Nel 2004 è salito in A e non è mai retrocesso. Quello che sta per iniziare sarà il nono torneo consecutivo nella massima categoria, mentre il primato di "longevità" era di quattro campionati (negli anni 40). E non vanno nemmeno trascurati i quattro nazionali al Mondiale 2006, oltre allo Scudetto Primavera della stagione 2008-09, quando sulla panchina dei baby rosanero sedeva Rosario Pergolizzi.

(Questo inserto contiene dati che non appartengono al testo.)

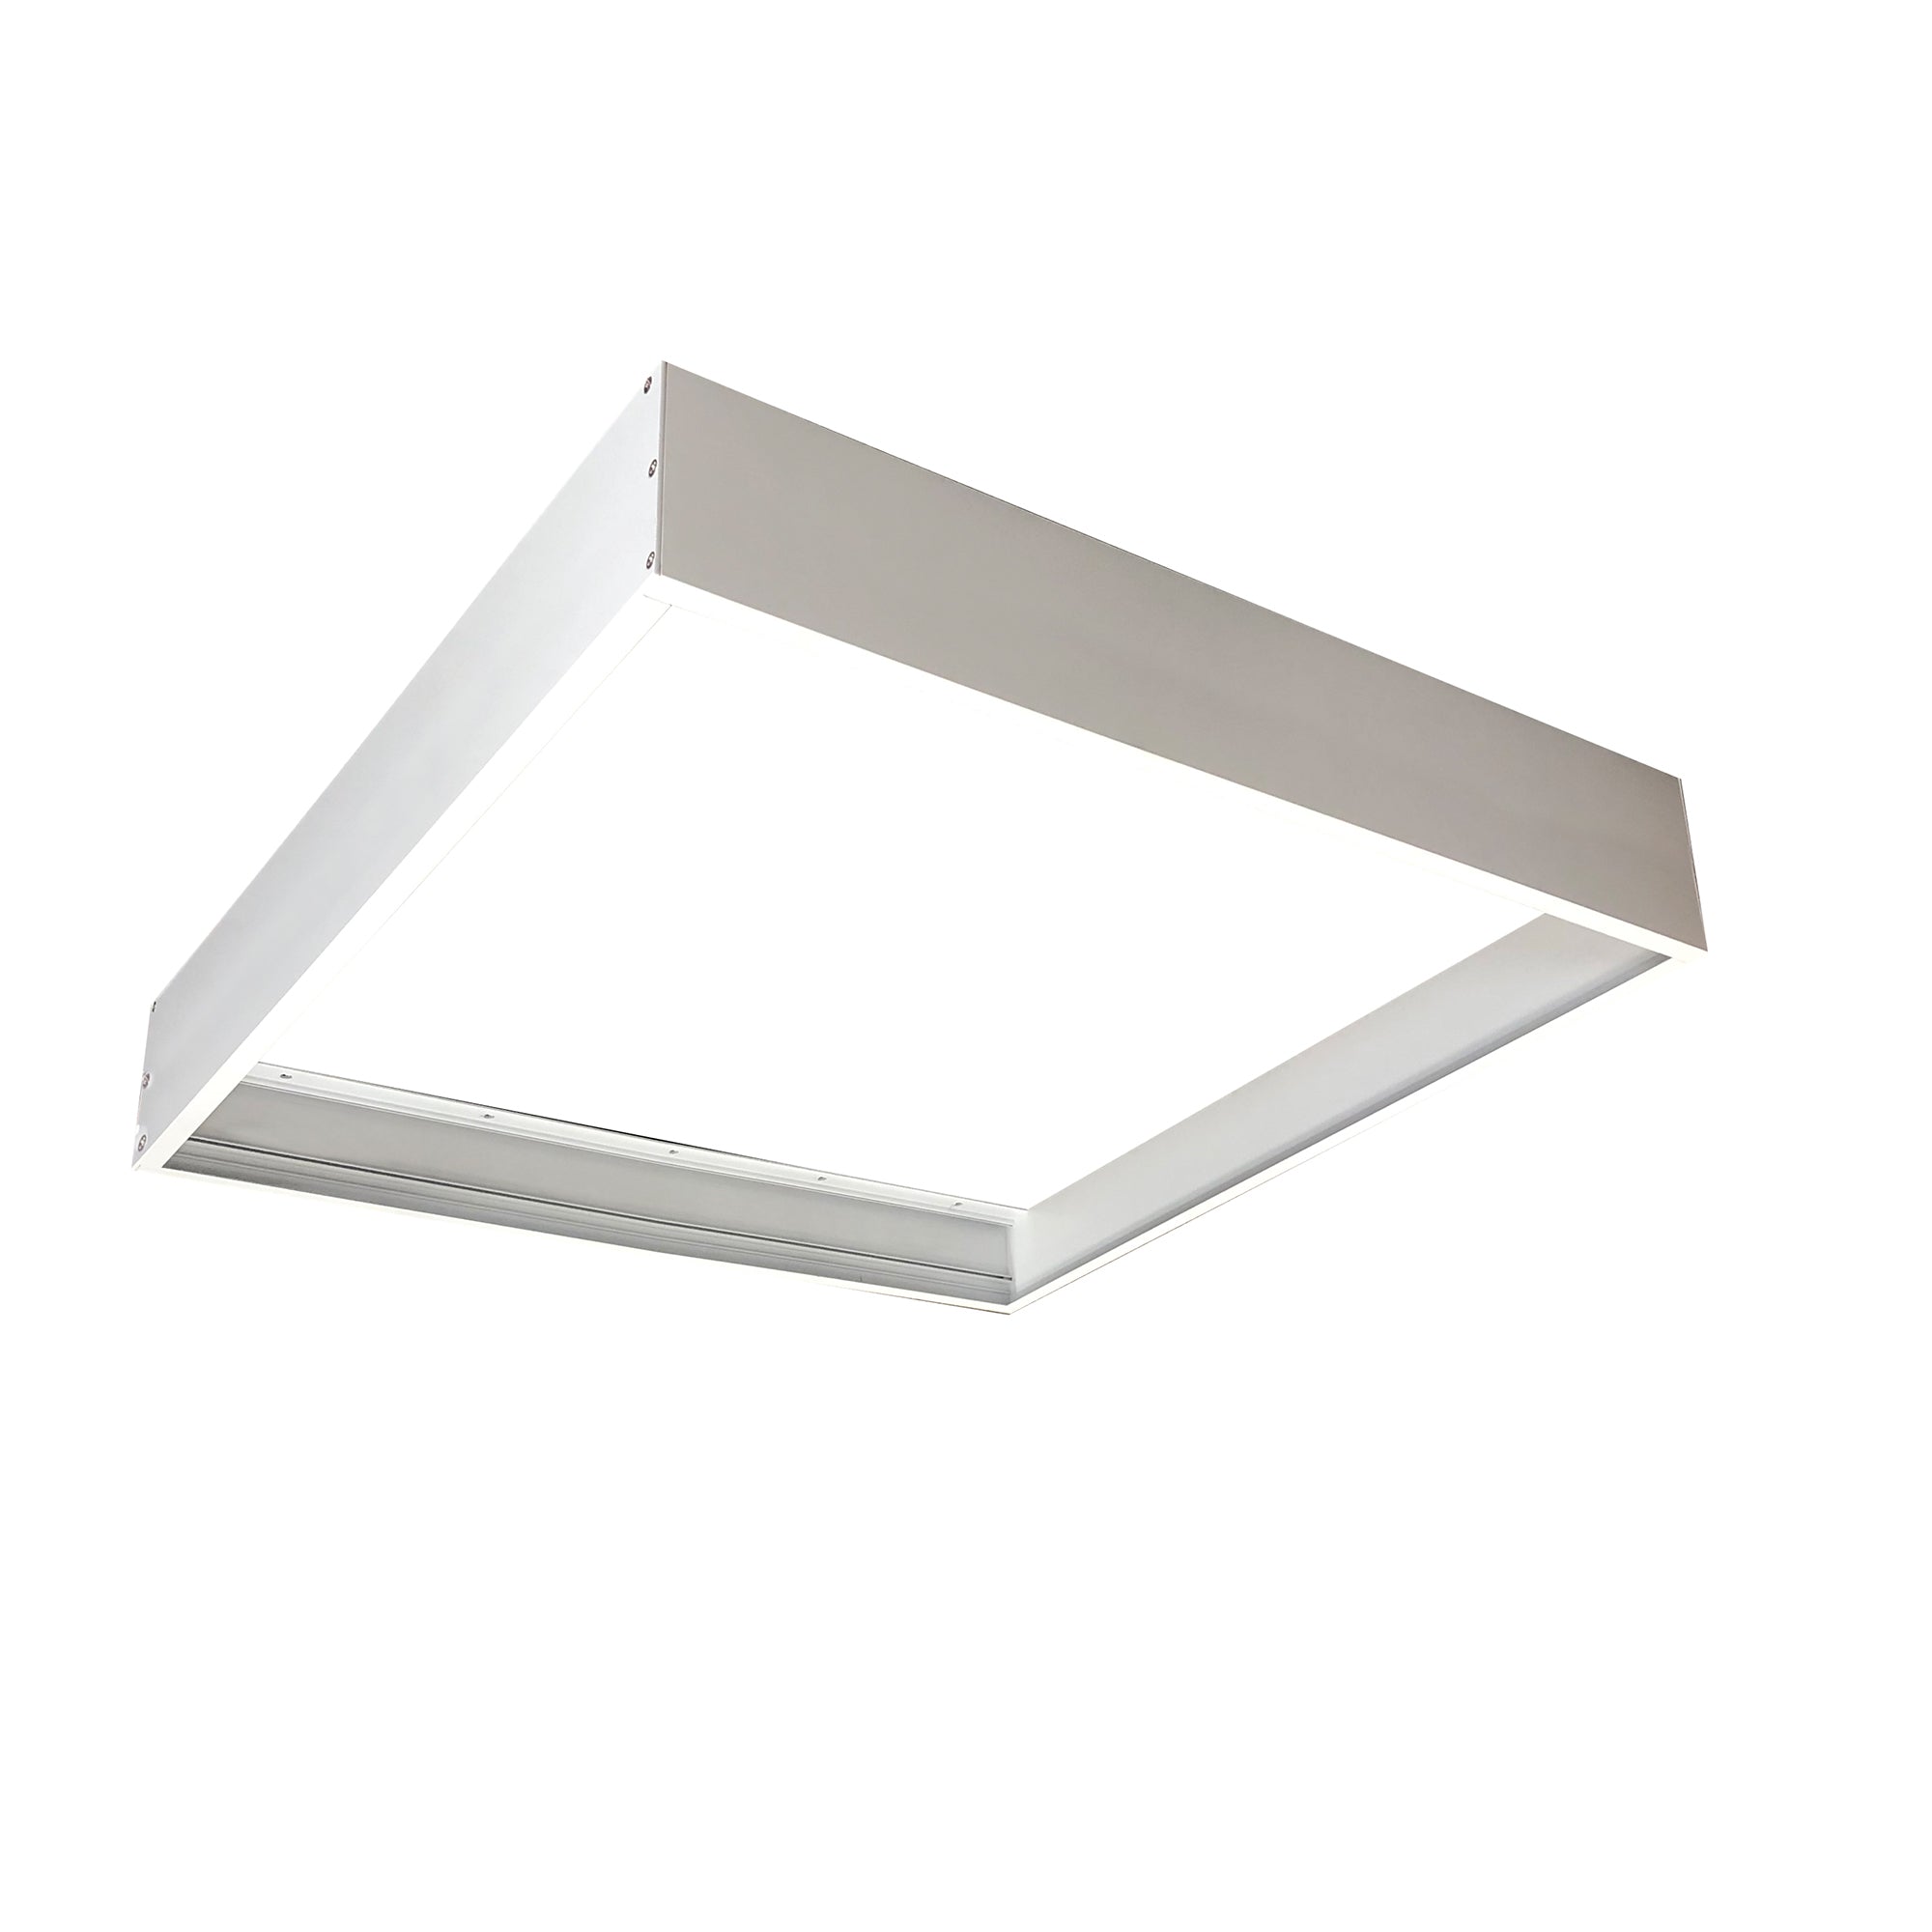 Nora Lighting NPDBL-22DDFK/W - Recessed - Surface Mounting Frame for 2'x2' LED Backlit Panels with Emergency
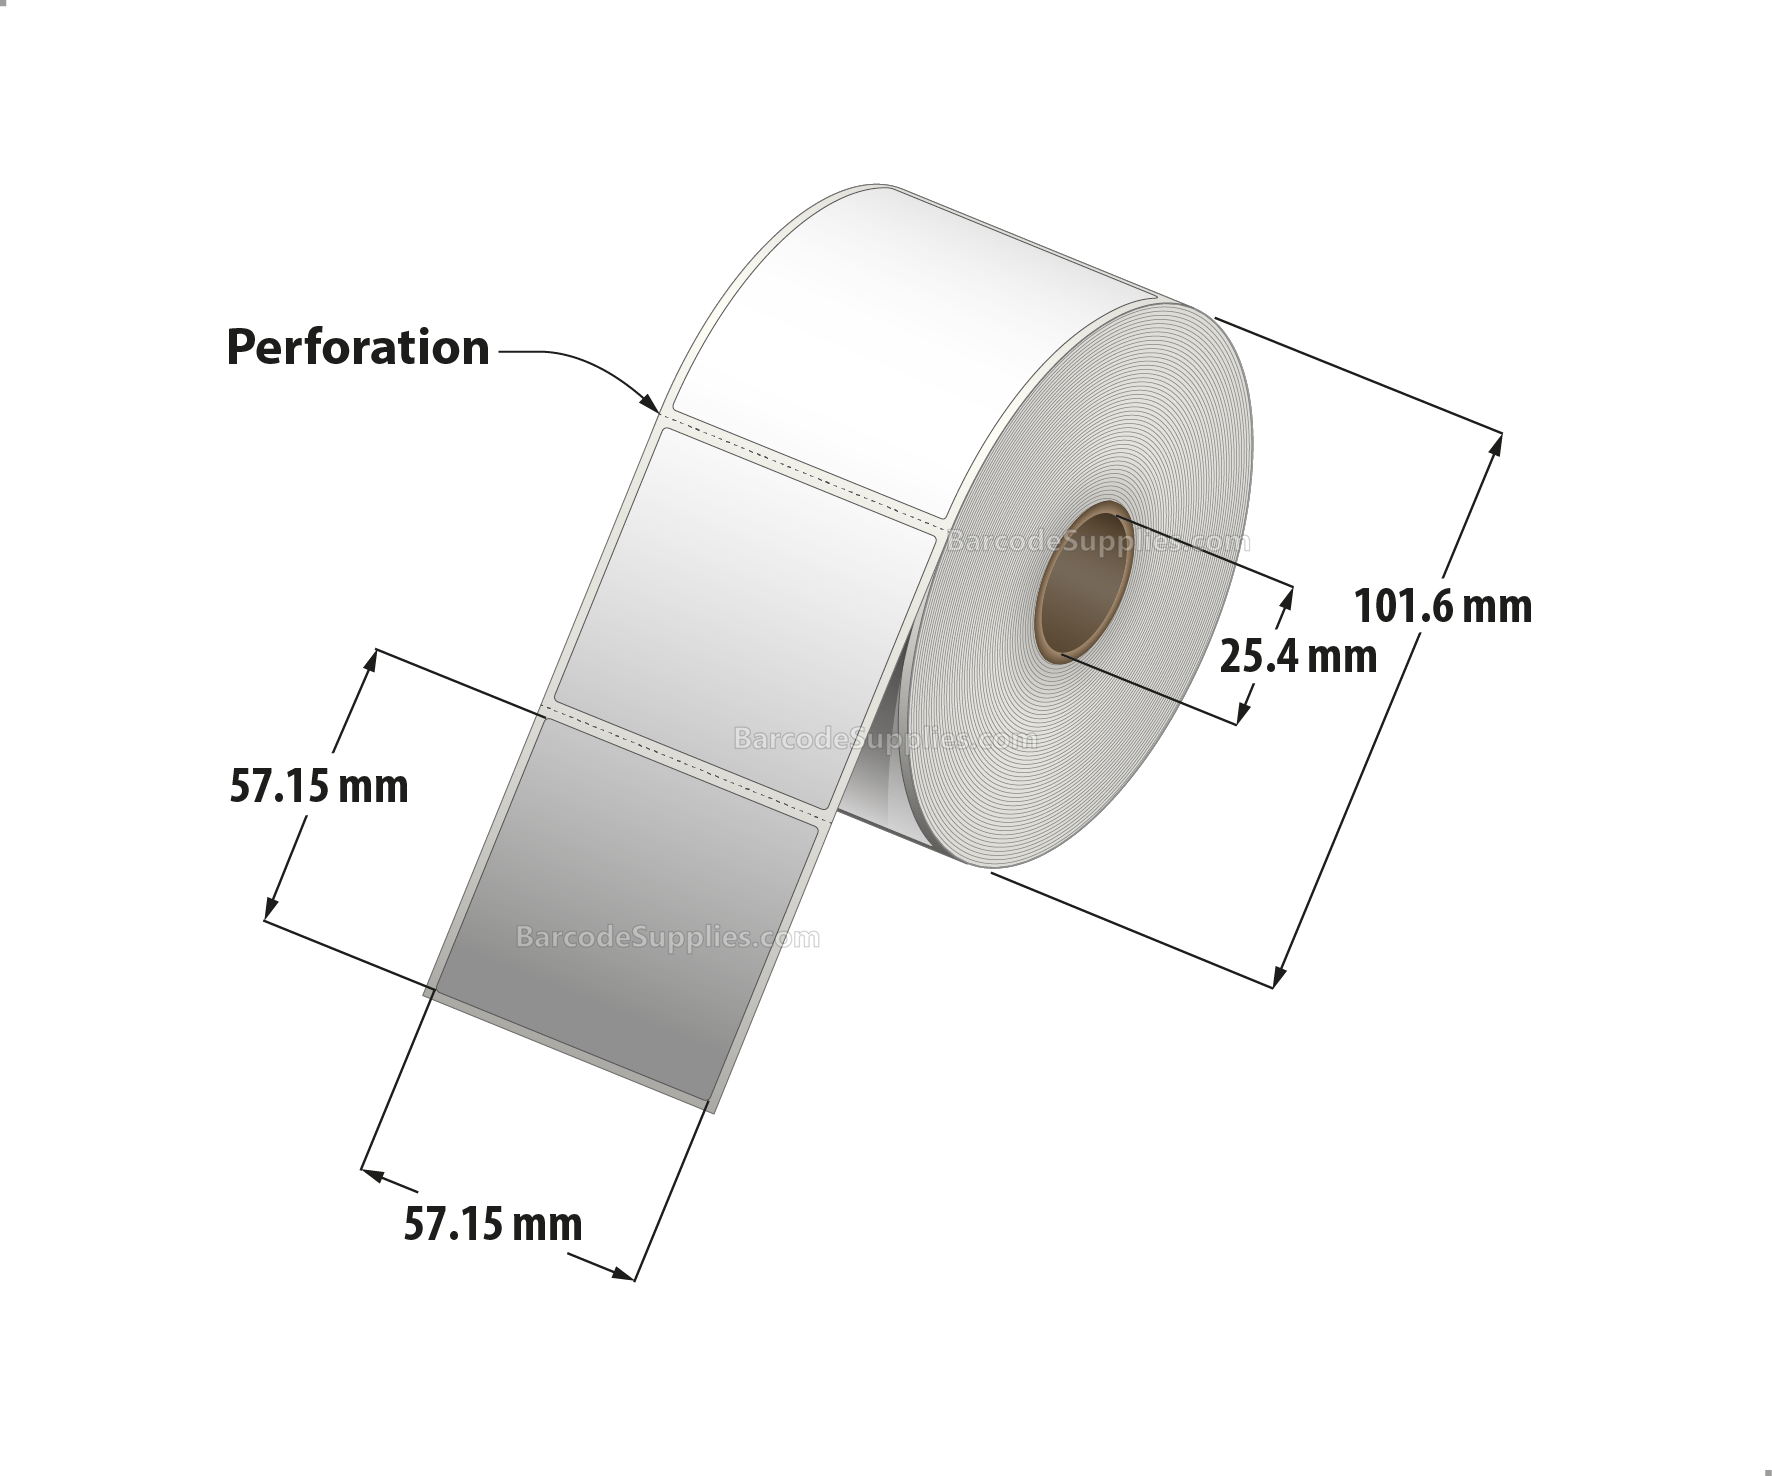 2.25 x 2.25 Direct Thermal White Labels With Rubber Adhesive - Perforated - 700 Labels Per Roll - Carton Of 12 Rolls - 8400 Labels Total - MPN: RDT4-225225-1P
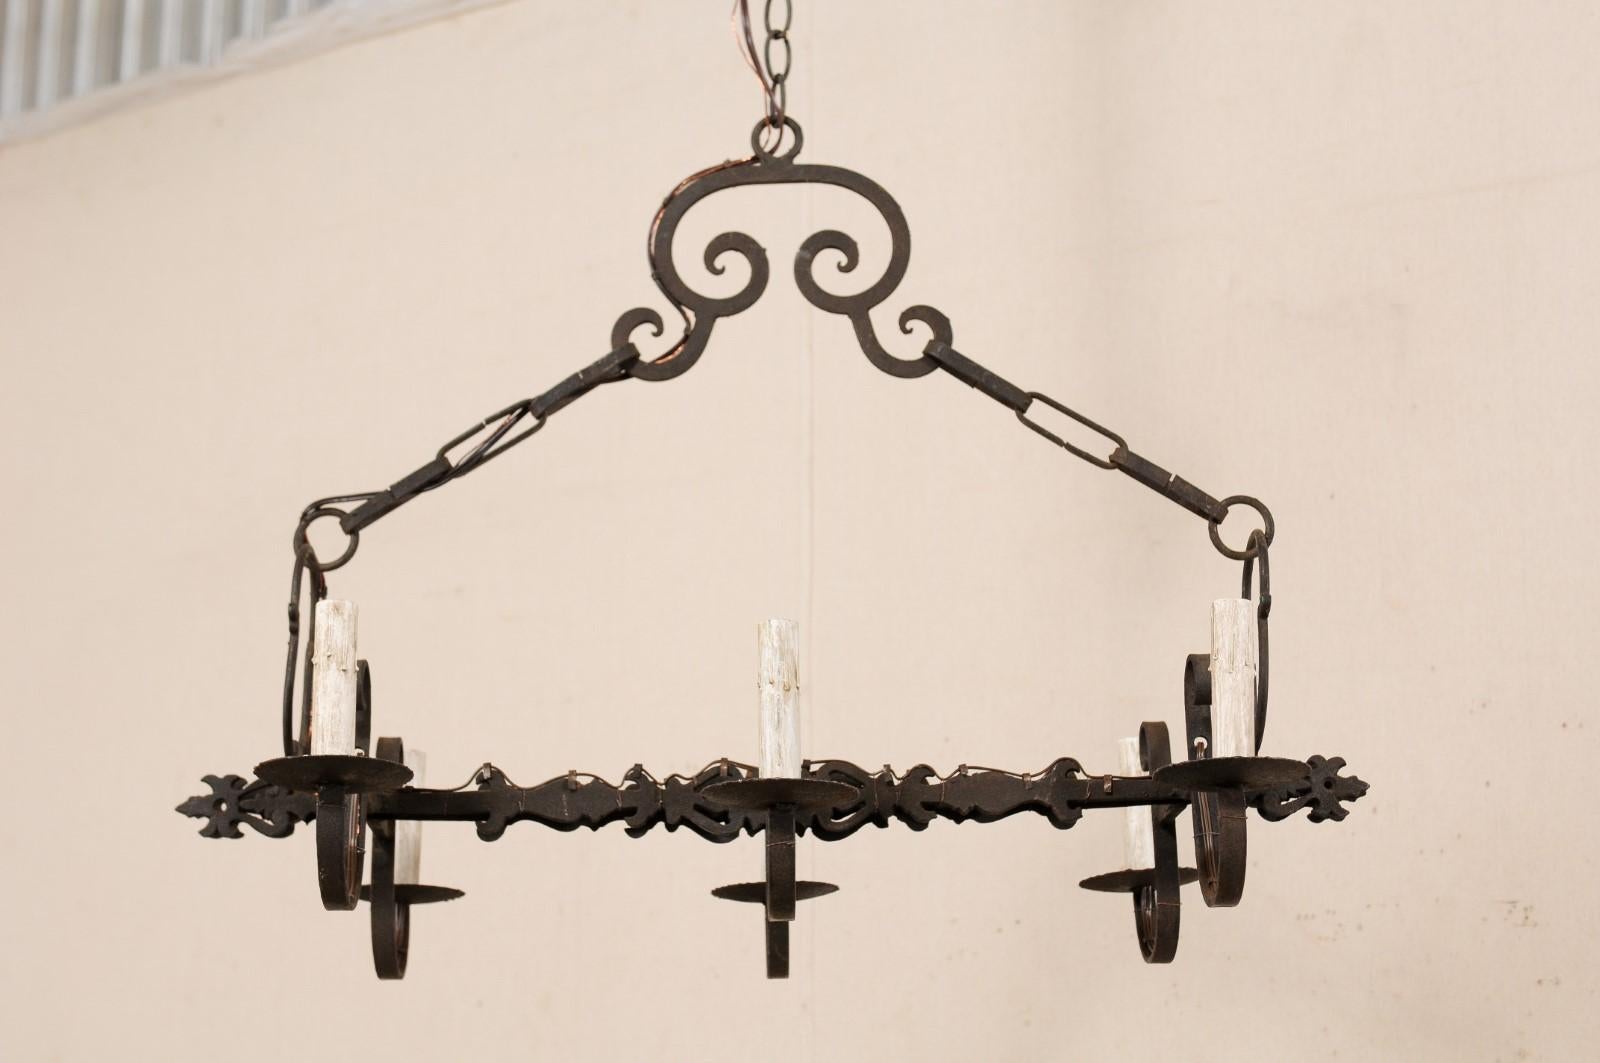 A French six-light iron chandelier from the mid-20th century. This vintage chandelier from France has an over-all rectangular-shaped appearance with a pair of horizontally set, decoratively cut and pierced iron bars making up the center, giving

Parma - Il sogno è un biglietto per l'Europa, il primo dell'era Ghirardi
Il Parma di Tanzi è ormai un lontano ricordo. Ora c'è un Parma operaio e proletario che difende con i denti il suo posto nella massima serie, riconquistato nel 2009. Se poi a questo si aggiunge che il club di Tommaso Ghirardi, spesso e volentieri, sa diventare la piazza ideale per giocatori a caccia di consacrazione (vedi Giovinco) o rilancio, come Amauri, il quadro è completo. Del Parma che dettava legge in Italia (3 Coppe Italia e 1 Supercoppa) ed Europa (1 Coppa delle Coppe, 2 Coppe Uefa e 1 Supercoppa Europea) non c'è più nemmeno la maglia, visto che dopo la rifondazione i ducali hanno abbandonato il gialloblù della Parmalat per tornare al biancoscudato delle origini.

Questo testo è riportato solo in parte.